Гораздо большим успехом пользовался, как педагог, Нижерадзе. Его гитара и мандолина всегда видели в столовой, прикрепленные лентами к гвоздям. Любку более влекла гитара своими мягкими теплыми звуками, чем раздражающее металлическое блеяние мандолины. Когда Нижерадзе приходил к ним в гости (раза три или четыре в неделю, вечером), она сама снимала гитару со стены, тщательно вытирала ее платком и передавала ему. Он, повозившись некоторое время с настройкой, откашливался, клал ногу на ногу, небрежно отваливался на спиику стула и начинал горловым, немного хриплым, но приятным и верным тенорком:

Паридетльскай завукэ пацилуя Разыдалея ва начиной тишииее, Оя, пылакая серадаца чаруя, Дасытупин валюблной чяте-

За мига савиданья...

И при этом он делал вид, что млеет от собственного пения, зажмуривал глаза, в страстных местах потрясал головою или во время пауз, оторвав правую руку от струн, вдруг на секунду окаменевал и вонзался в глаза Любки томными, влажными, бараньими глазами.

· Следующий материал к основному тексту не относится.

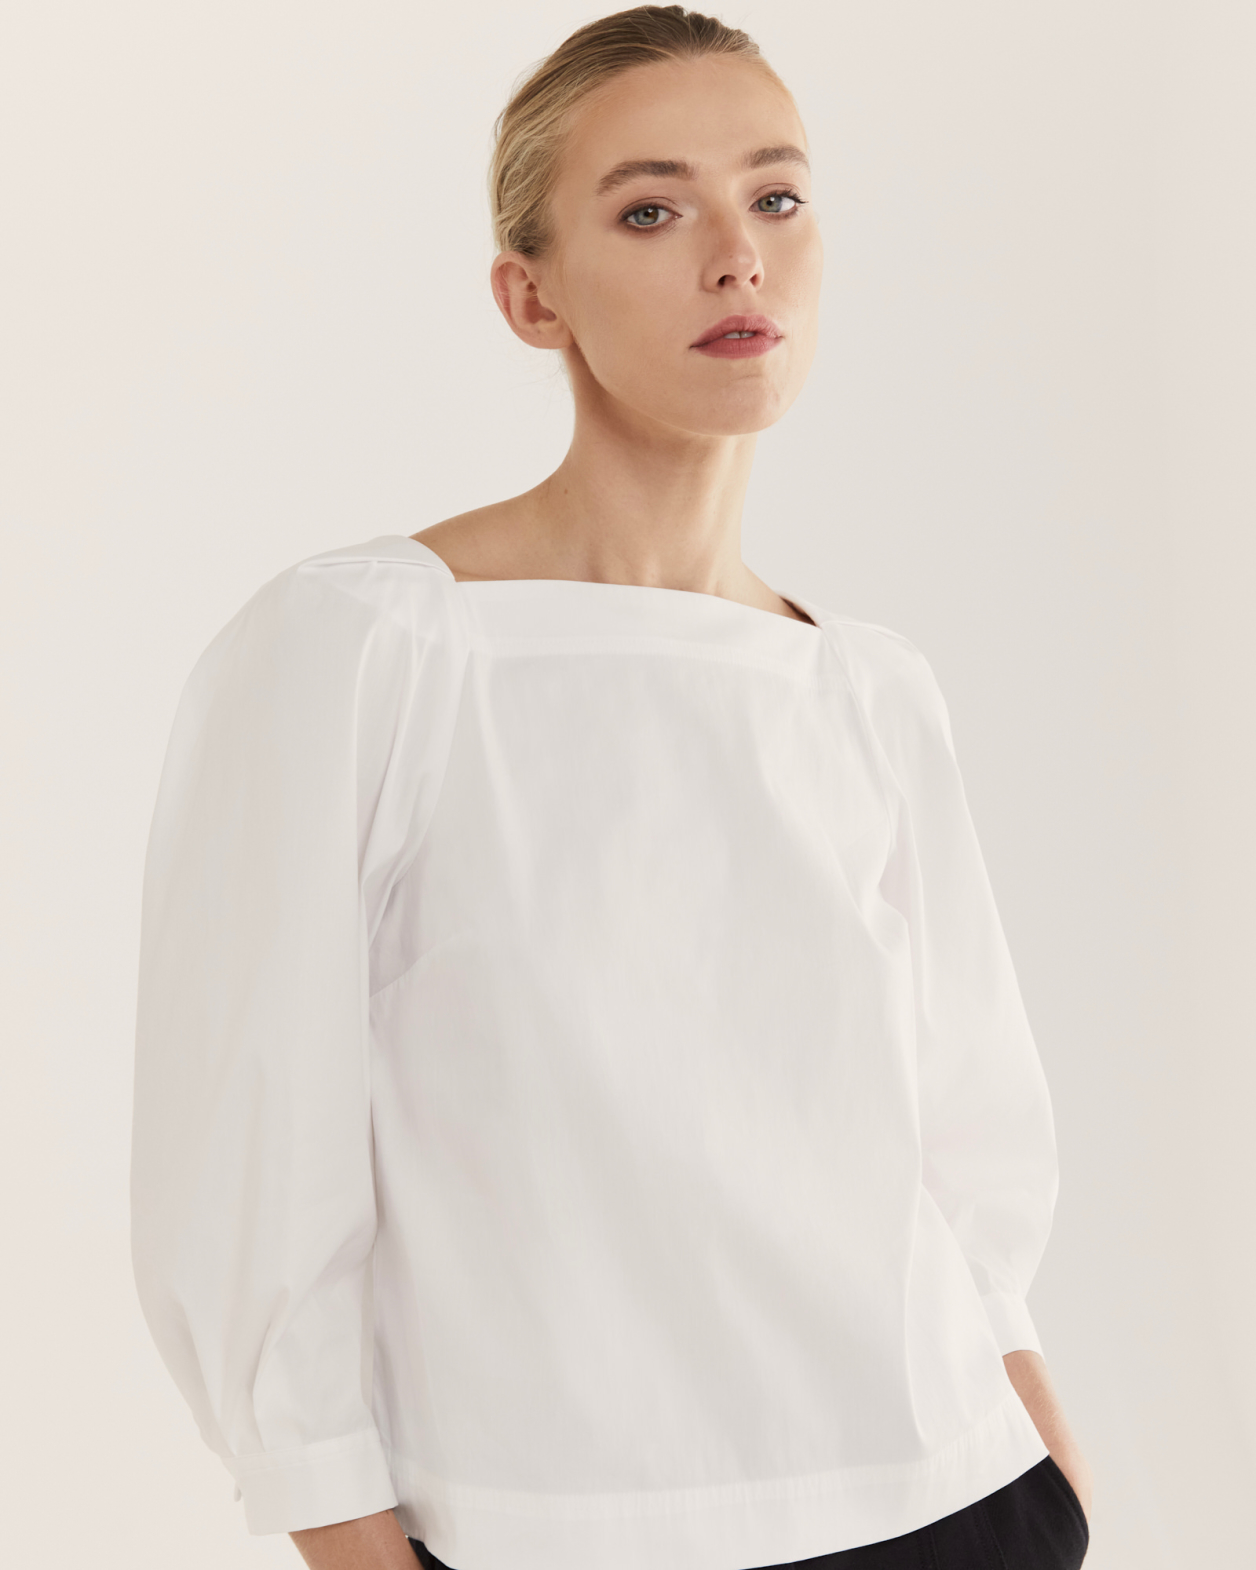 Piper Pleat Sleeve Top in WHITE

Он знал бесконечное множество романсов, песенок и старинных шутливых штучек. Больше всего нравились Любке всем известные армянские куплеты про Карапета:

У Карапета есть буфет," На буфете есть конфет, На конфете есть портрет, - Этот самый Карапет.

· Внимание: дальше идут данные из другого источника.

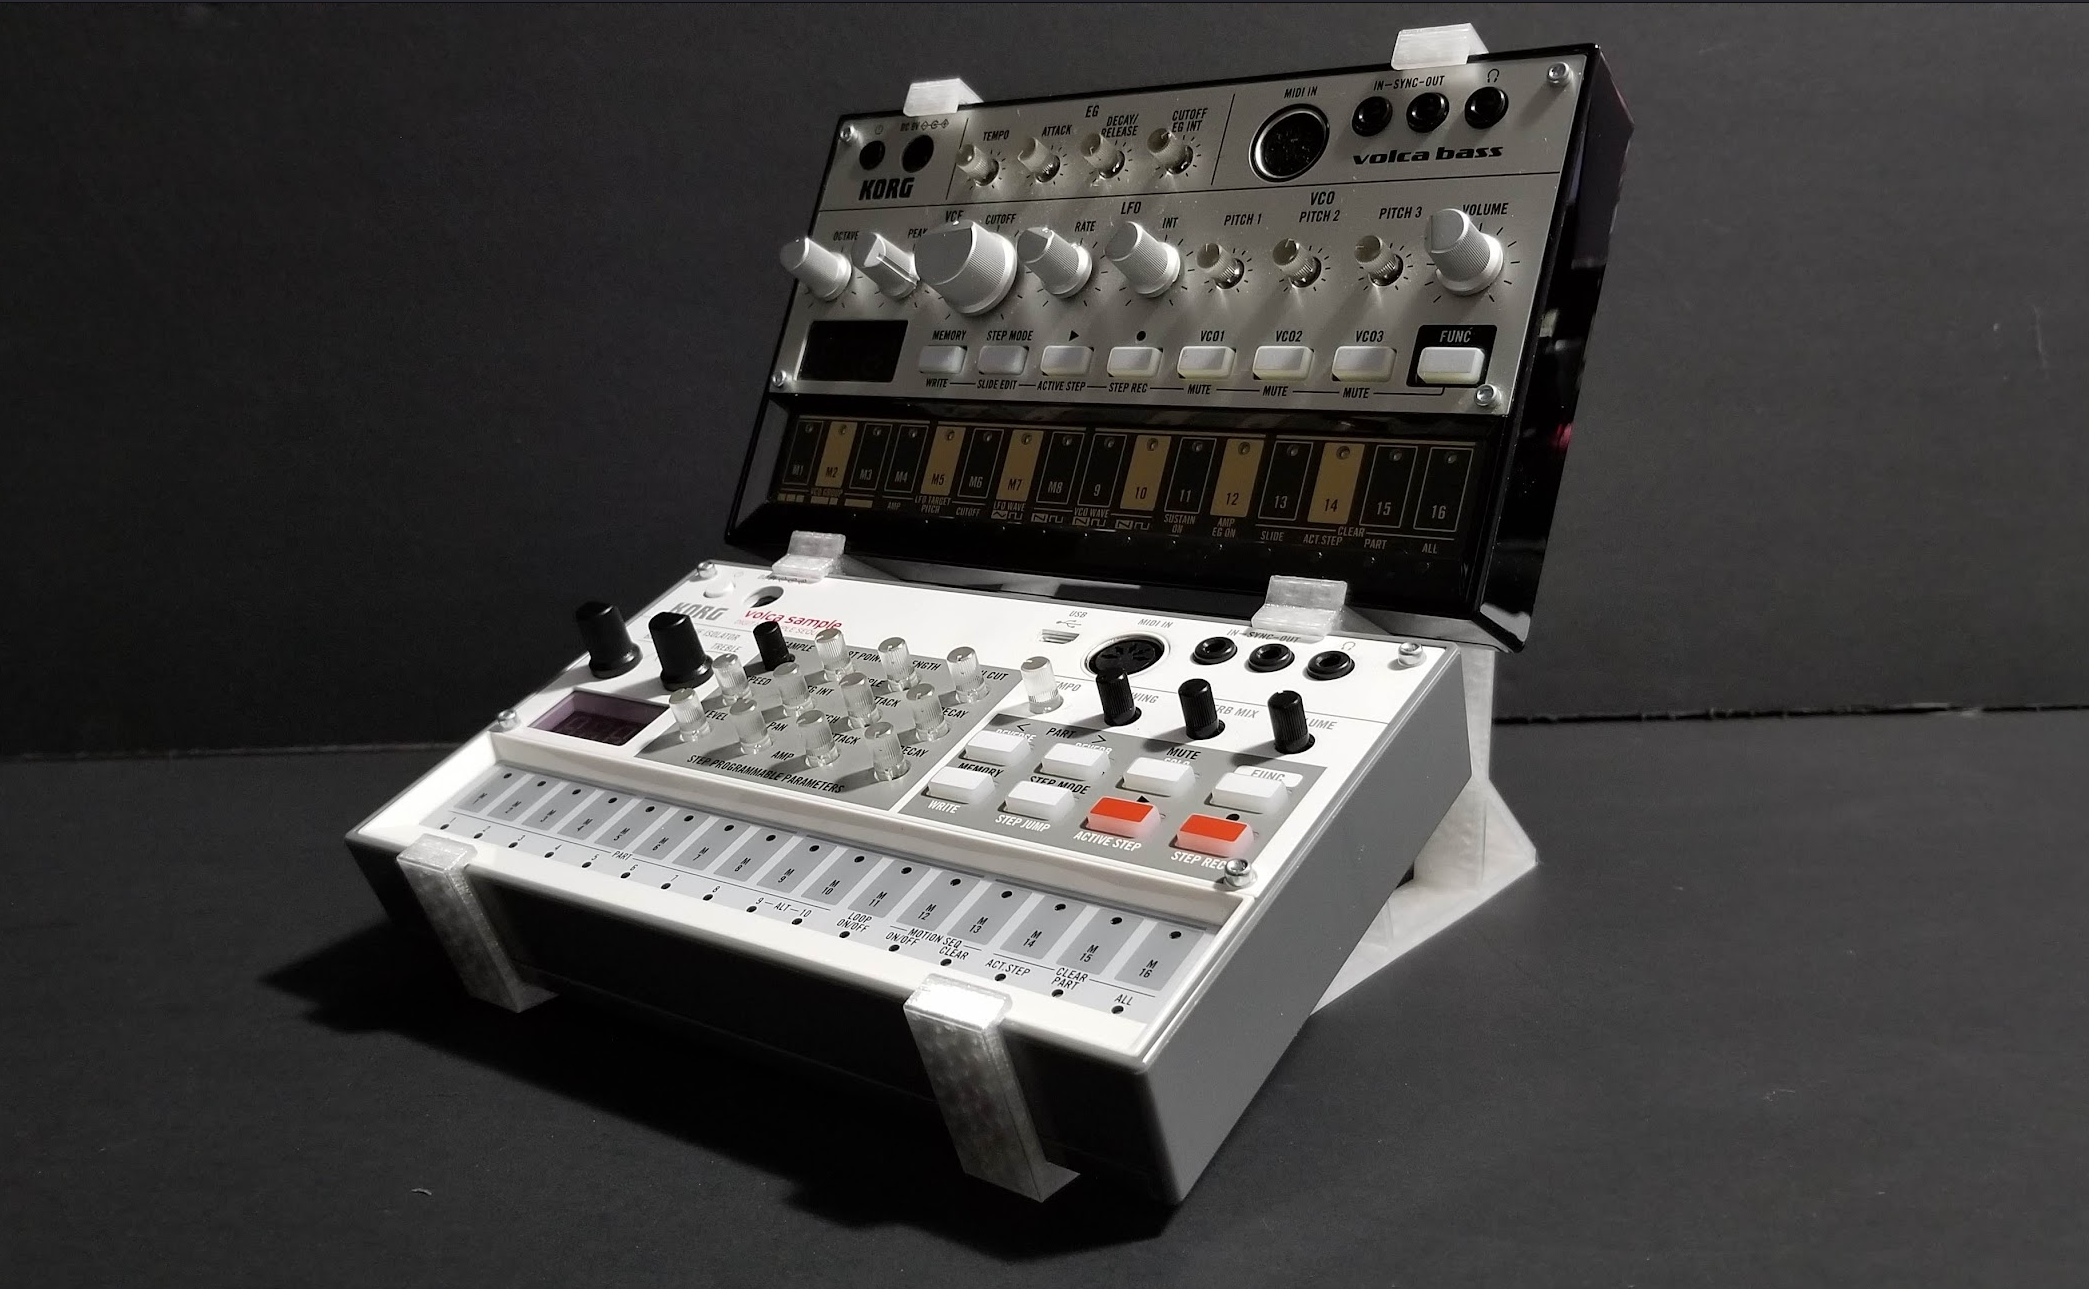 Dual Korg Volca Stand (Remixed to support 2 Korg Volcas)

Куплетов этих (они да Кавказе называются "кин-тоури" - песня разносчиков) князь знал беспредельно много, но нелепый припев был всегда один и тот же;

Браво, браво, Катенька,

Катерин Петровна,

Не целуй меня в щека,

Целуй на затылкам.

Пел эти куплеты Нижерадзе всегда уменьшенным голосом, сохраняя на лице выражение серьезного удивления к Карапету, а Любка смеялась до боли, до слез, до нервных спазм. Однажды, увлеченная, она не удержалась и стала вторить, и у них пение вышло очень согласное. Мало-помалу, когда постепенно она перестала стесняться князя, они все чаще и чаще пели вместе. У Любки оказалось очень мягкое и низкое, хотя и маленькое, контральто, на котором совсем не оставила следов ее прошлая жизнь с простудами, питьем и профессиональными излишествами. А главное-что уже было случайным курьезным даром божиим-она обладала инстинктивною, прирожденною способностью очень точно, красиво и всегда оригинально вести второй голос. Настало уже то время, под конец их знакомства, когда не Любка князя, а, наоборот, князь ее упрашивал спеть какую-нибудь из любимых народных песен, которых она знала множество. И вот, положив локоть на стол и подперев по-бабьи голову ладонью, она заводила под бережный, тщательный тихий аккомпанемент:

Ой, да надоели мне ночи, да наскучили, Со милым, со дружком, быть разлученной! Ой, не сама ли я, баба, глупость сделала, Моего дружка распрогаевала:

Назвала его горьким пьяницей!..

- Горьким пьянице! - повторял князь вместе с ней последние слова и уныло покачивал склоненной набок курчавой головой, и оба они старались окончить песню так, чтобы едва уловимый трепет гитарных струи и голоса постепенно стихали и чтобы нельзя было заметить, когда кончился звук и когда настало молчание.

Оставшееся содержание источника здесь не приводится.